Re: tg3: BMC stops responding in 3.0
From: Matt Carlson <hidden>
Date: 2011-09-30 23:54:47
On Fri, Sep 30, 2011 at 01:06:25AM -0700, Arkadiusz Mi??kiewicz wrote:
On Friday 30 of September 2011, Matt Carlson wrote:quoted
On Mon, Sep 26, 2011 at 11:31:33AM -0700, Arkadiusz Mi??kiewicz wrote:quoted
On Monday 26 of September 2011, Matt Carlson wrote:quoted
On Fri, Sep 23, 2011 at 12:45:50PM -0700, Arkadiusz Mi??kiewicz wrote:quoted
Hi, I was using 2.6.38.8 and recently tried to switch to 3.0.4 on Tyan S2891 platform. This platform uses tg3: tg3 0000:0a:09.1: eth1: Tigon3 [partno(BCM95704) rev 2003] (PCIX:133MHz:64- bit) MAC address 00:e0:81:33:5e:af tg3 0000:0a:09.1: eth1: attached PHY is 5704 (10/100/1000Base-T Ethernet) (WireSpeed[1], EEE[0]) tg3 0000:0a:09.1: eth1: RXcsums[1] LinkChgREG[0] MIirq[0] ASF[0] TSOcap[1] tg3 0000:0a:09.1: eth1: dma_rwctrl[769f4000] dma_mask[64-bit] With 2.6.38.8 everything was working fine.
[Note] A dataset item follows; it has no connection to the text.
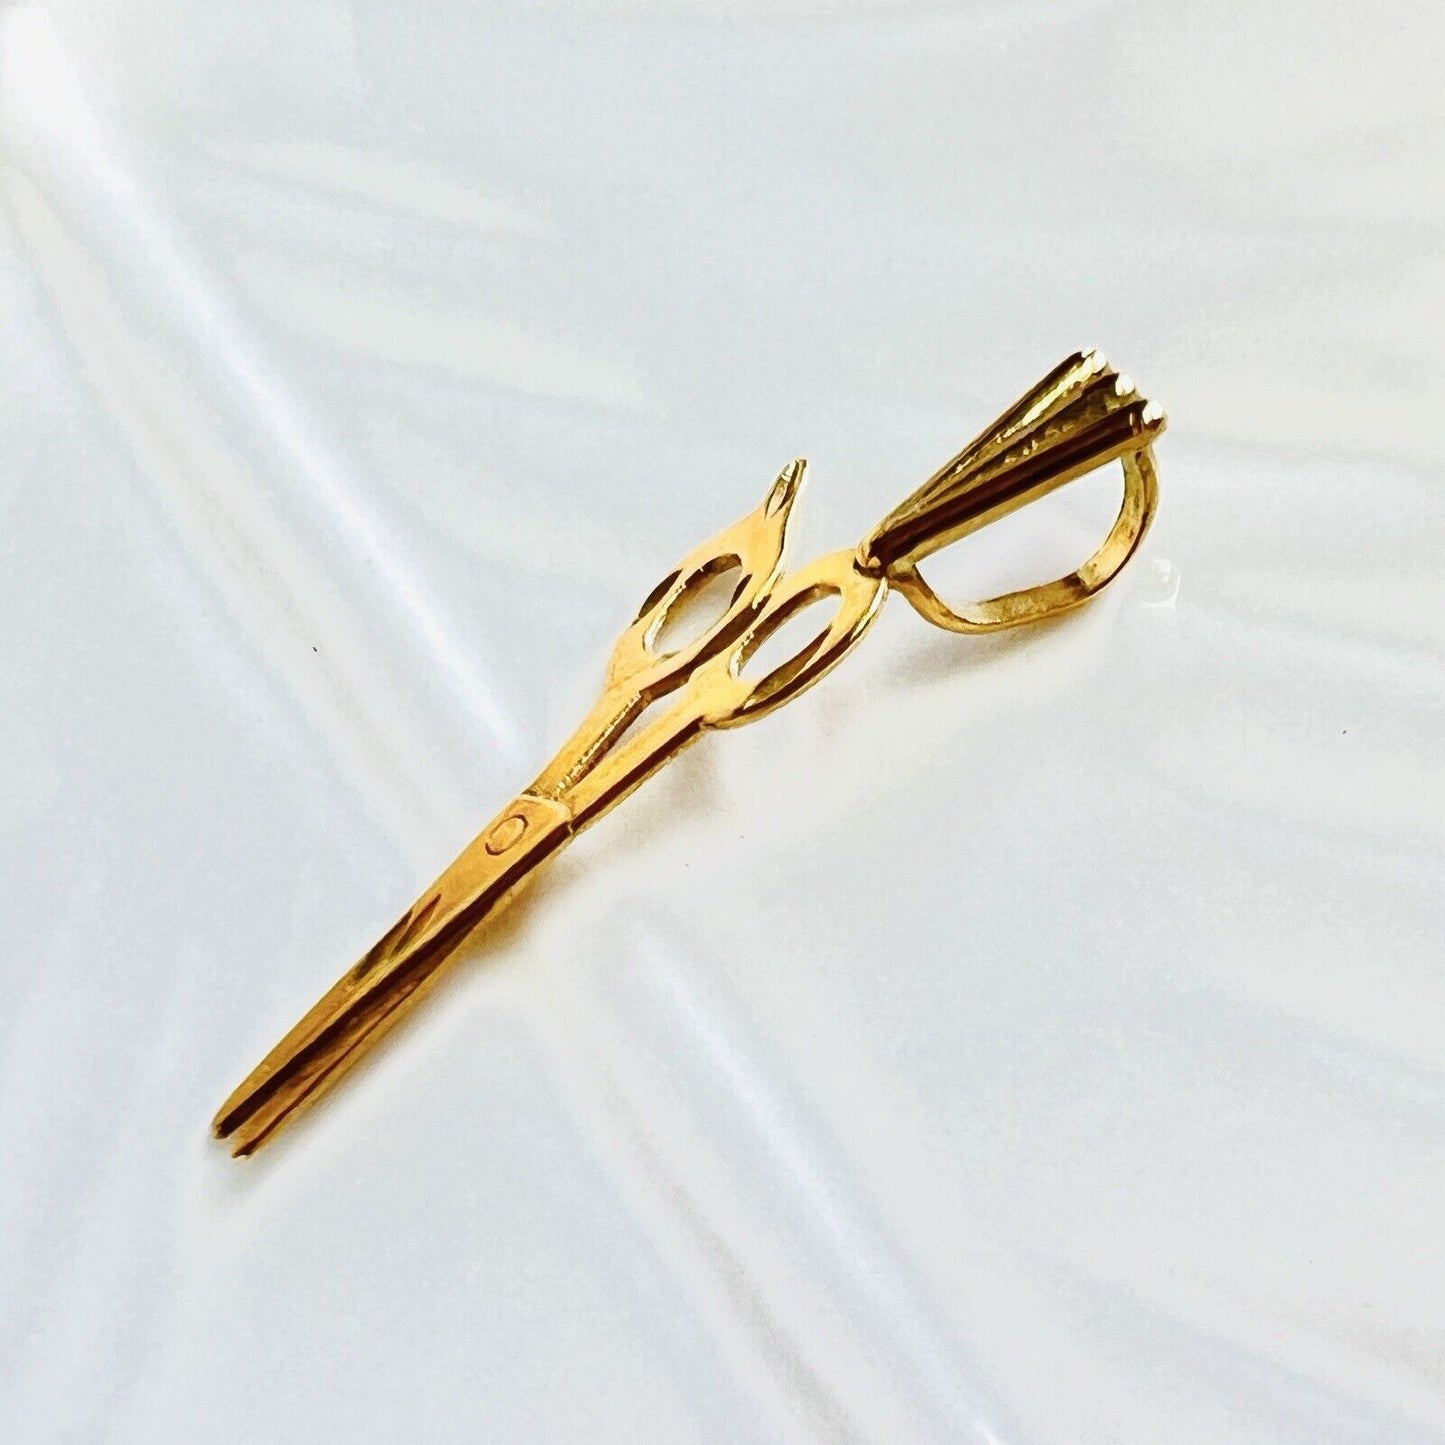 Solid 14k Yellow Gold Scissors Pendant/Charm, New

With 3.0.4 there is a problem. As soon as tg3 module is loaded or eth0 configured (can't tell which one since the machine is 400km away from me and I have no way to play with it other than ipmi or ssh) BMC stops responding (so all ipmitool commands over LAN stop working). Normal tg3 activity is not affected - I can ssh-in without a problem etc but ipmi over lan doesn't work. From ssh console "ipmitool lan print" works, shows data but for example after "ipmitool mc reset cold" it doesn't recover - ipmitool returns "Invalid channel: 255". I have to reboot to 2.6.38.8 and then issue "ipmitool mc reset cold" to recover. Any idea which tg3 change could break this? Can't bisect this due remote access only. I was hoping that maybe 9e975cc291d80d5e4562d6bed15ec171e896d69b "tg3: Fix io failures after chip reset" will fix things for me but no - this doesn't help.What version of the tg3 driver are you working with?The one in 3.0.4 kernel. I think it's 3.119 (at least modinfo says so).Unfortunately there were a lot of changes between 3.117 and 3.119(+). Is there any way you can narrow down the gap?The machines are 400km away from me and it's hard to debug that way then ipmi/network conectivity is in stake :-/ I could try some form of bisecting but need to know if all git versions between 3.117 and 3.119 were known to be safe and working? I don't want to loose any conectivity to this machine. I was going to try 2.6.39 but it looks like it also uses 3.117 driver.
O.K. Can you give me the details of your machine? Maybe we have the exact machine or a machine similar enough to reproduce the problem with.